The Bottom Line: Healthcare Is the Highest-Stakes Marketplace, And One of the Most Important

Healthcare is not the easiest marketplace category to build. The compliance requirements are real. The stakes for patients are high. Provider verification is not optional.

But it is one of the most important. The doctor shortage is getting worse, not better. Rural and underserved communities have real, urgent need for access. Mental health demand is at all-time highs. Post-COVID, patients now expect virtual-first access as the default.

The founders who approach healthcare marketplaces seriously, with compliance-first thinking, tight niche focus, and the right technical architecture, are building businesses that create real value for patients and real revenue for themselves.
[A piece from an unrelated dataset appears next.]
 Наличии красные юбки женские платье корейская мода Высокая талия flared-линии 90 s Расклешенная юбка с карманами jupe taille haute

Shipturtle gives you the operational infrastructure: the booking system, the provider dashboards, the commission automation, the payouts. You bring the compliance plan, the provider relationships, and the focus on a specific patient community that doesn't have good access yet.

That combination; built carefully, built compliantly; is how healthcare marketplaces worth building actually get built.
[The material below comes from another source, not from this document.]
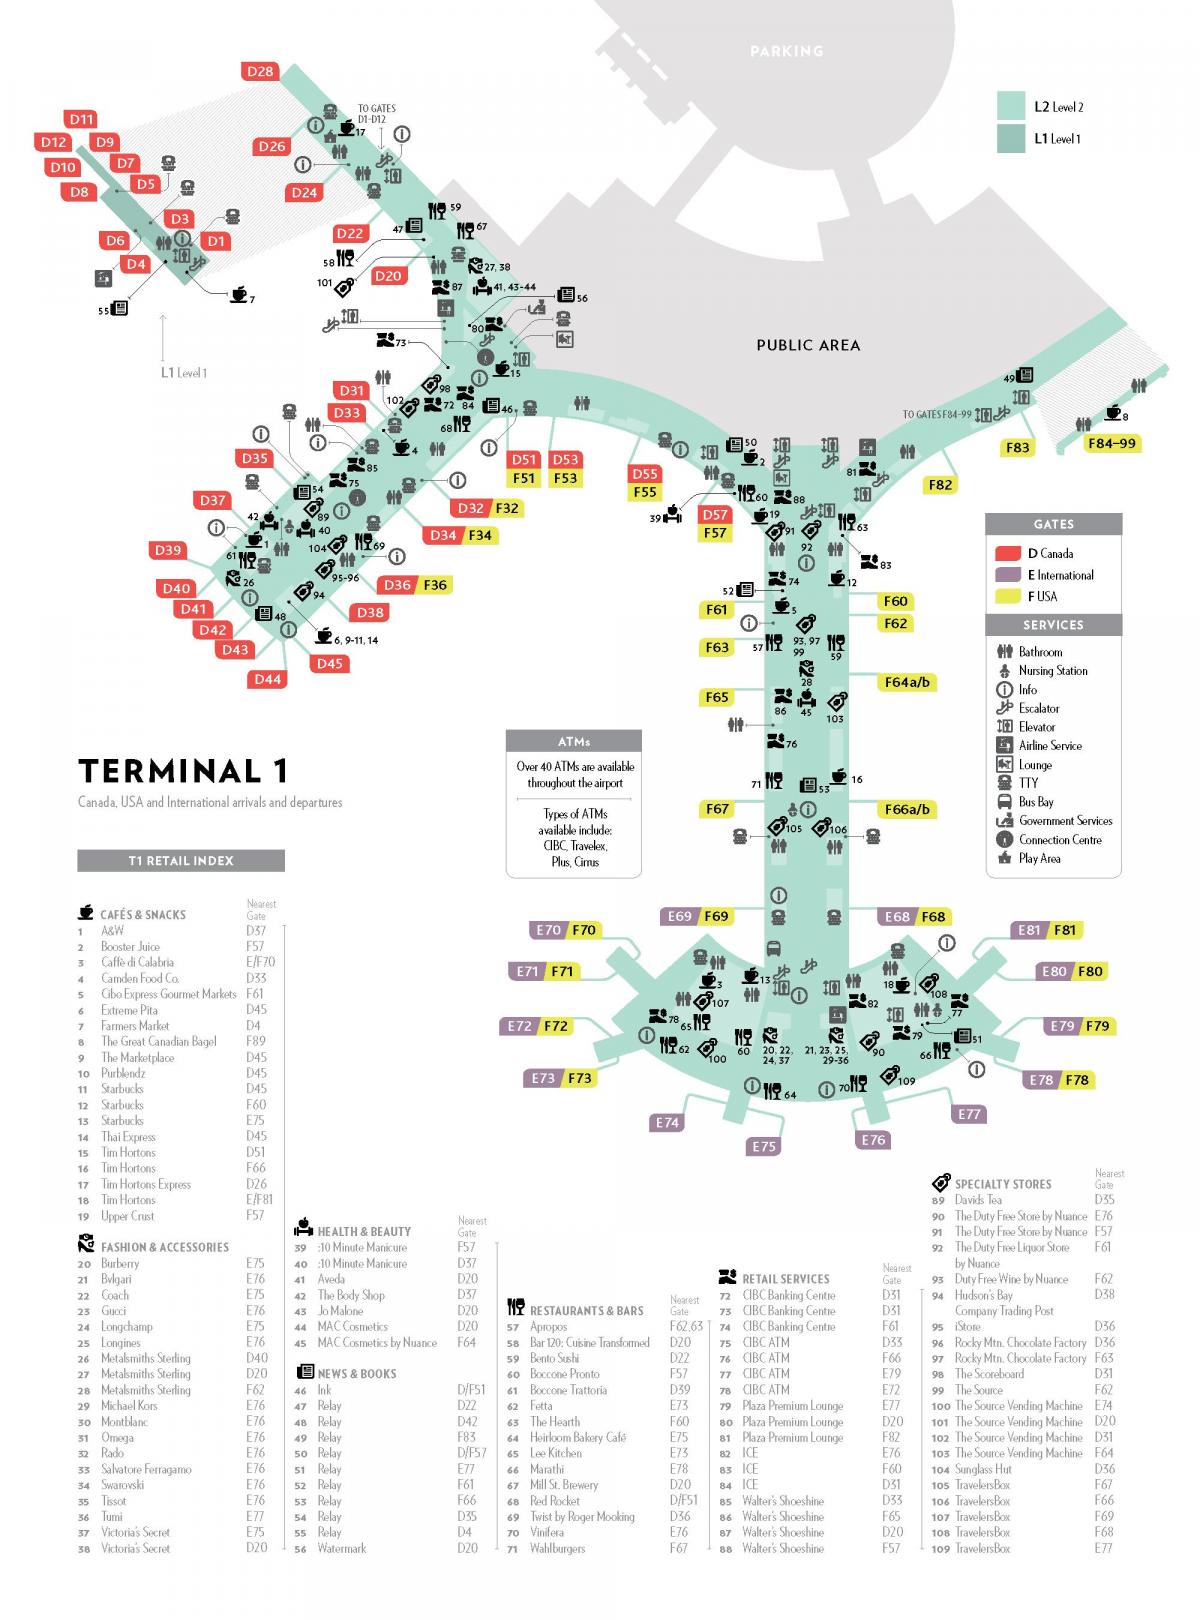 pearson terminal 1 map

Frequently Asked Questions

1. What is a healthcare marketplace?
A healthcare marketplace is an online platform where patients can find and book appointments with licensed medical professionals, or purchase medical products from verified suppliers. Examples include Practo, Zocdoc, PharmEasy, and Teladoc. It is different from a wellness marketplace, which covers fitness, supplements, and non medical services, because it involves licensed medical practitioners and is subject to healthcare specific regulations like HIPAA.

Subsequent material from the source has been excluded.